The Missing Ingredient

My crave-worthy Cranberry Raisin Nut Bread

Food, glorious food. 
We're anxious to try it
Three banquets a day --
Our favorite diet!
Aspiring sommelier?

Don't come to me for wine pairing recommendations, but I will admit to being an aspiring foodie. I love to eat AND I love to cook. Cooking for others is one of my "love languages". I bake cranberry bread every Thanksgiving, even shipping some to California if my bonus daughter isn't going to be on the East Coast for the holiday. My veggie lasagna has earned a "yummy" reputation and I have a few other greatest hits that I whip out when I know I need to impress. 

Asian-style carrots

Chickpea curries, jackfruit pulled "pork", red beans and rice, tofu stir fry, risotto, the list goes on.

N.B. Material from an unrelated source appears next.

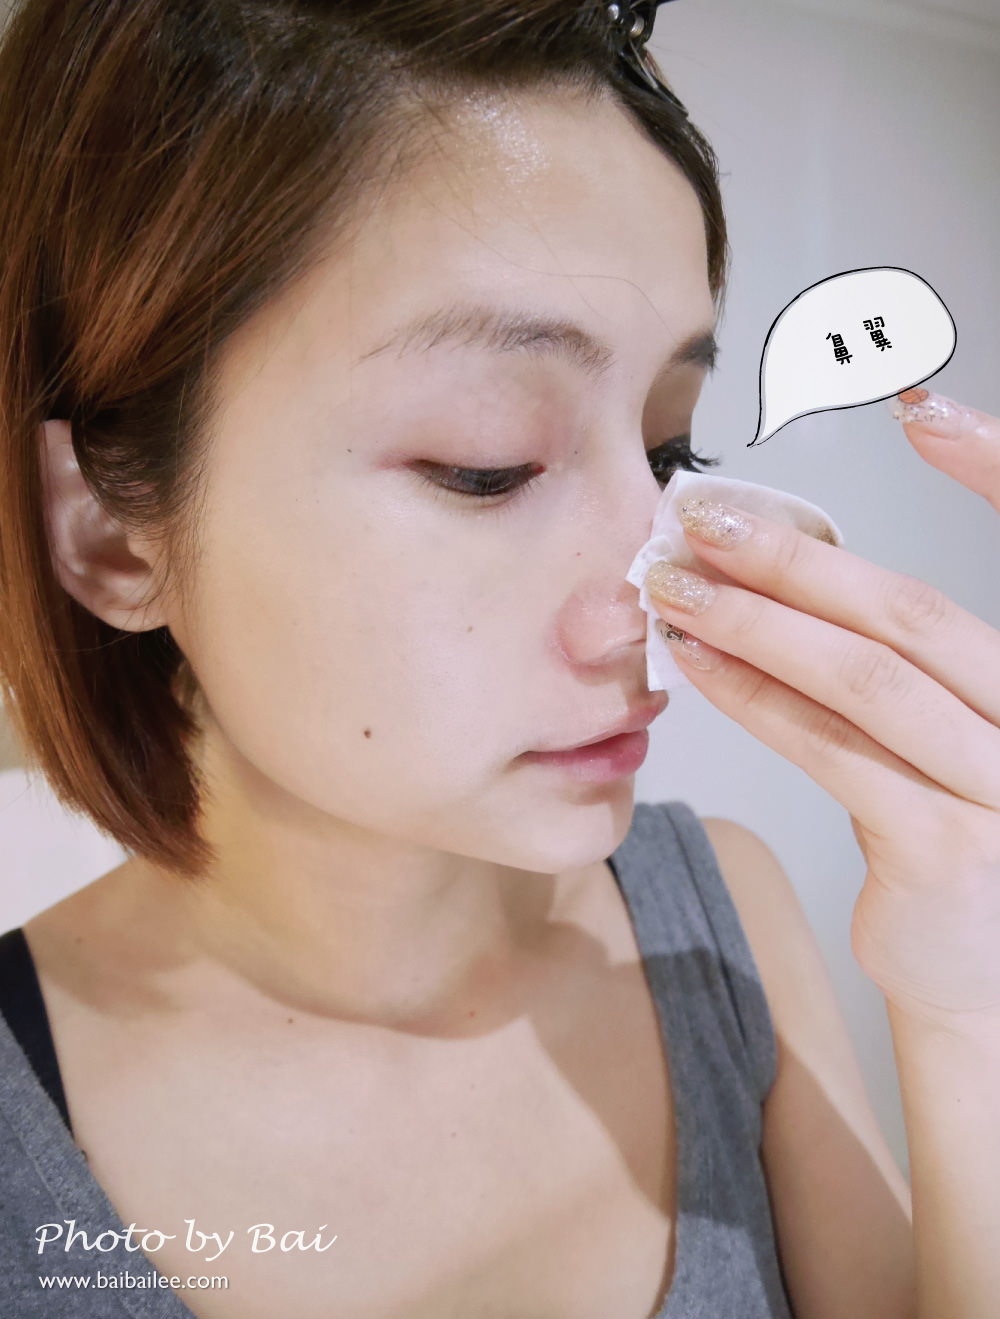 [卸妝] 聖克萊爾全效淨透卸妝水連防水眼妝都可以輕易卸除及接睫毛都能使用溫和卸妝水(附上實測影片)

If the dish is plant-based, I will do everything I can to make it delicious. My current obsession is shopping H-Mart for authentic Asian ingredients. If the dish I want to make isn't plant-based, I'm going to try and adapt the recipe. Our plant-based taco night at our house is - well, extra - and worth making a drive (like two of my nieces did) if you are hungry for yummy. Trust me, you won't miss the meat!

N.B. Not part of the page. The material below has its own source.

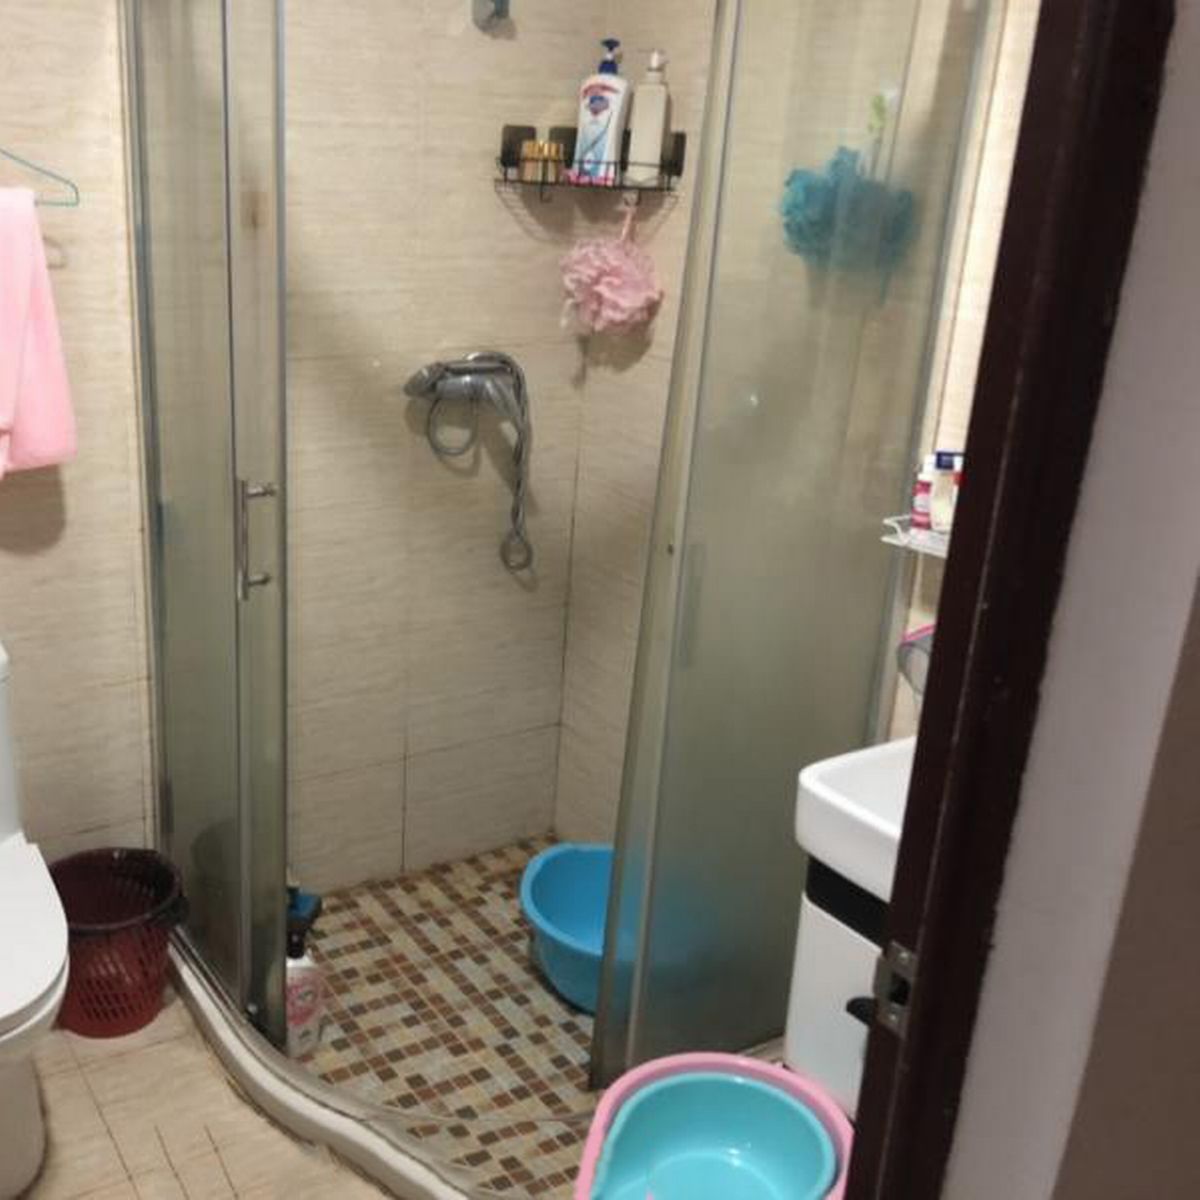 arter cruz share mens bathroom spy cam photos

I fed them tacos then taught them yoga

Since adopting a mostly plant-based diet several years ago, I've expanded the "vocabulary" I use to help me speak more descriptively when I express my love language of cooking and feeding the folks I love. I pore through vegan blog sites looking for new recipes. My current favorites are Vegan Richa, Plant Based RD, and Eat Figs Not Pigs. That list is always expanding and open for new additions. 

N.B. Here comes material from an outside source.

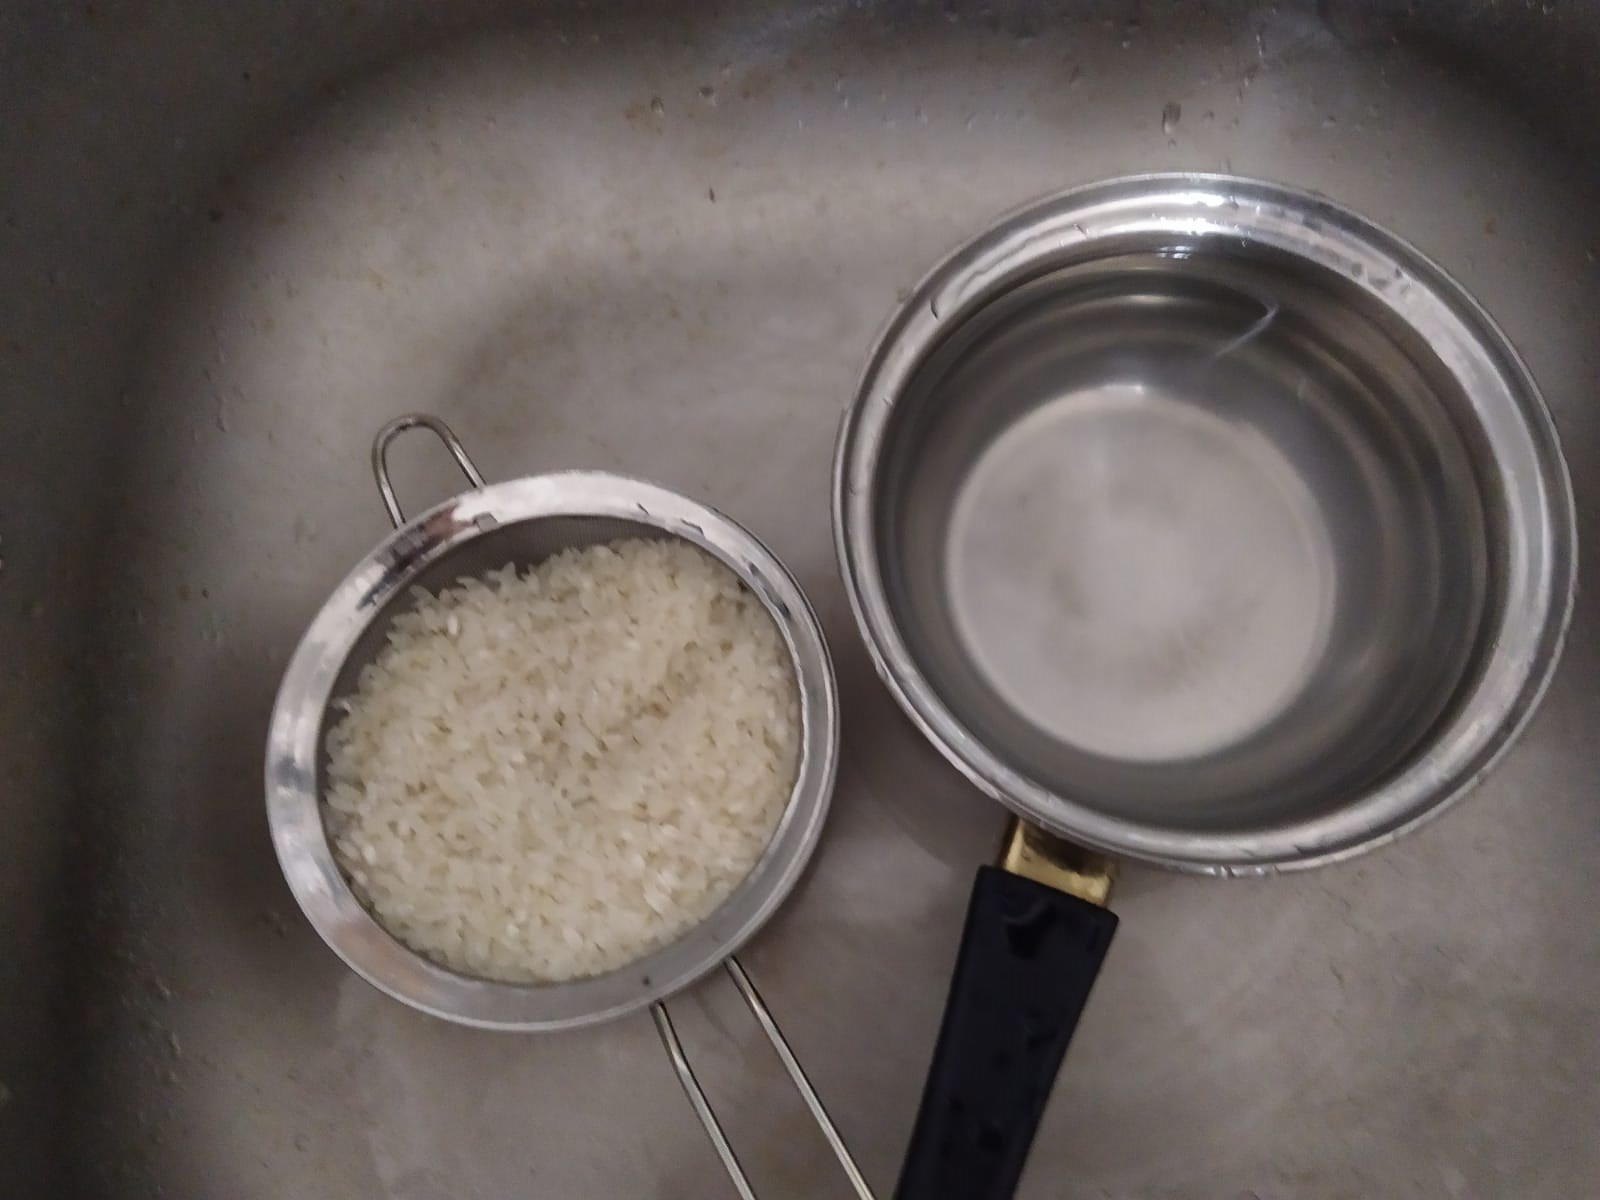  washing rice

Thanks to these and many other bloggers, as well as my own enthusiasm for making things tasty, my family members have come to expect that I will "throw down" with some good eats at family gatherings. This brings me joy.

What doesn't bring THEM joy is that while I consult these blogs for ideas and methods, I often "cook by the spirit". That means I rarely follow a recipe exactly (unless it is baking, which is as close to chemistry as I'll get) or write down any recipes for dishes I've created. 

Vegan Carrot Cake Bread Yes Please

Recipes call for ingredients. They provide steps and a process to create a dish. There are conditions for things to turn out as expected. 

I maintain that you can follow a recipe to the letter and still have the resulting dish turn out differently or taste differently to different people. Especially when you're making bread for example, the amount of humidity in the air can affect the way that the bread rises. 

My Aunt Grace made the best meatballs ever. Their taste is a core memory of mine. As I approach my eighth year of following a plant-based diet, I confess that if someone could hand me a plate of her meatballs right now, I would eat them because they were amazing.

That's me in peering over my sister's head, in glasses on the left

They were the ultimate comfort food, a guaranteed taste sensation on Tuesday night Spaghetti Nights at her house. Some of the best memories of my childhood are associated with those meatballs. But she never shared the recipe. Sadly, for us, she took her method and recipe to her grave. 

At the kids' table a little older, still on the left next to my brother in glasses

I was talking to a friend about this phenomenon of the meatballs that I would cross my plant-based line for. Apparently her grandmother had a similarly famous coleslaw recipe. Even though she did share this recipe - when others make it, there's something missing.

I believe we can put energy into our food. It is as much an ingredient as the olive oil, or the garlic - it just can't be measured or quantified in a recipe with numbers. 

But you sure can taste it.

Do I have a way to draw a link from the energy we use while cooking to the energy we use while practicing yoga? You betcha I do.

So much more than stretching when you factor in energy

Since beginning a regular yoga asana practice some 9 years ago or so, I have spent close to one thousand hours or more in classes - both as a student and a teacher. I'm sure there were classes that worked similar body parts, led the students to the same peak pose, featured similar dharma talks, or were led by the same teachers. Yet, no two classes produced identical results. 

I've created sequences that I teach for an entire month - no two classes are the same, though.

Yoga classes have ingredients, too. The sequence, the dharma talk, the music - there's usually a gradual build to a peak and then a slow descent for a restful savasana. 

The consistent variable in each class - is the energy in the room. Not just my energy, but that of the students. So the next time you step on your mat, consider your energy. Sit with it and see if it will enhance your practice. High energy or feeling fire-y - low energy or sluggishness - they both can have an impact. 


Comments

  1. I am a very happy recipient of this gastronomic energy.